We investigate several possible choices for p_i(t) by comparing the results of simulations with the characteristics of the data highlighted in Fig. 1 A–C. The history-window parameter H plays an important role in capturing the app-specific novelty regime. However, if H is very large, then most of the simulation is copied directly from the data and the decision probability p_i(t) becomes irrelevant. It is therefore desirable to find models that fit the data well while keeping H as small as possible. Motivated by the information available to Facebook users during the data collection period, we propose a model based on a combination of a “cumulative rule” $p_{i}^{c} (t)$ and a “recent activity rule” $p_{i}^{r} (t)$ . See the schematic in Fig. 2.

Fig. 2. — Schematic of the model. The squares indicate the number of installations at time t of two example apps; their size represents the number of installations of an app in a particular hour. The circles represent agents, and the arrows indicate the adoption of an app. In the history window (ages 0 to H), we copy the installation history directly from the data. Outside of the history windows, we simulate the actions of F(t) agents by assigning probabilistic rules for how they choose which app to install. An agent who uses (*Left*) the recent-activity rule at a given time copies the choice of an agent who acted in the recent past, so apps that were recently more popular are more likely to be chosen. By contrast, an agent who uses (*Right*) the cumulative rule at a given time installs the app with the larger number of accumulated installations. We represent this cumulative popularity using the dashed contour, which increases in width with time as more installations occur.

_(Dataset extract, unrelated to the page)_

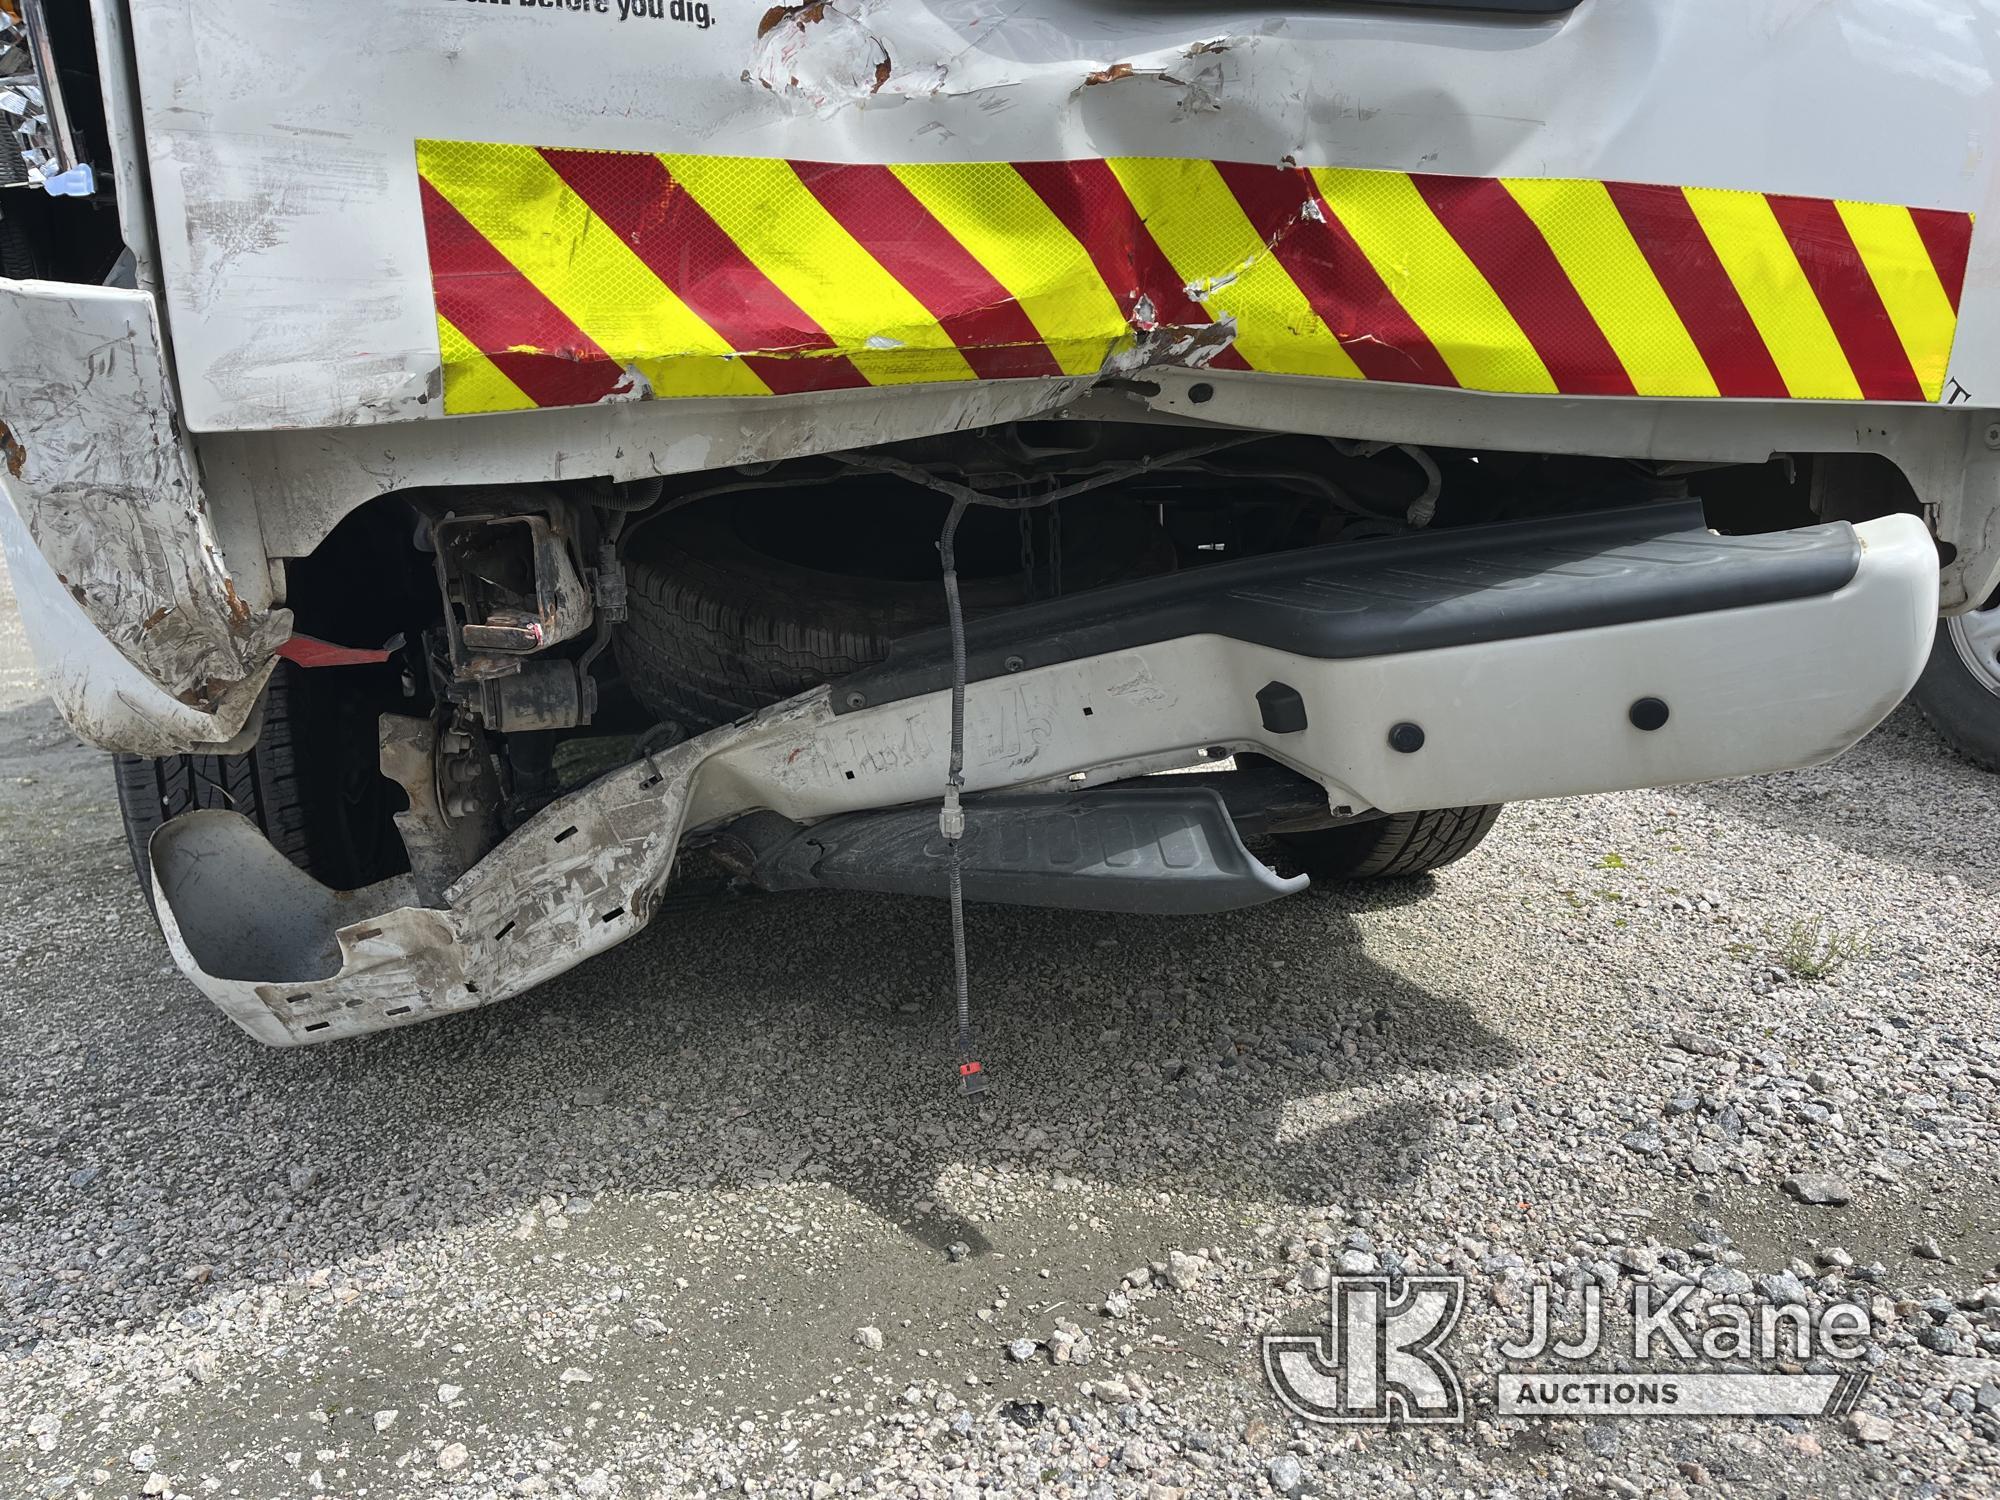 (Chester, VA) 2018 Nissan Frontier Extended-Cab Pickup Truck Runs & Moves) (Major Body Damage, Rear

An agent who uses the cumulative rule at time t chooses app i with a probability proportional to its cumulative popularity n_i(t − 1), yielding the following:

p_{i}^{c} (t) = K n_{i} (t - 1),

[3]

where the constant K is determined by the normalization $\sum_{i} p_{i}^{c} (t) = 1$ . In contrast, an agent who follows the recent-activity rule at time t copies the installation choice of an agent who acted in an earlier time step, with some memory weighting (Eq. 4 below). Consequently, apps that were recently installed by many agents [i.e., apps with large f_i(τ) values for τ ≈ t] are more likely to be installed at time step t even if these apps are not yet globally popular [i.e., n_i(t − 1) can be small]. In reality, the information available to Facebook users on the recent popularity of apps was limited to observations of the installation activity of their network neighbors. As we lack any information on the real network topology, we make the simplest possible assumption: that the network is sufficiently well-connected (see ref. 29 for a study of Facebook networks from 2005) to enable all agents in the model to have information on the aggregate (system-wide) installation activity. When applying the recent-activity rule, an agent chooses app i with a probability proportional to the recent level of that app’s installation activity:

p_{i}^{r} (t) = L \sum_{τ = 0}^{t - 1} W (t - τ) f_{i} (τ),

[4]

where L is determined by the normalization $\sum_{i} p_{i}^{r} (t) = 1$ . The “memory function” W(τ) determines the weight assigned to activity from τ hours ago and thereby incorporates human-activity timescales (30). In SI Appendix, we consider several examples of plausible memory functions and also examine the possibility of heterogeneous app fitnesses.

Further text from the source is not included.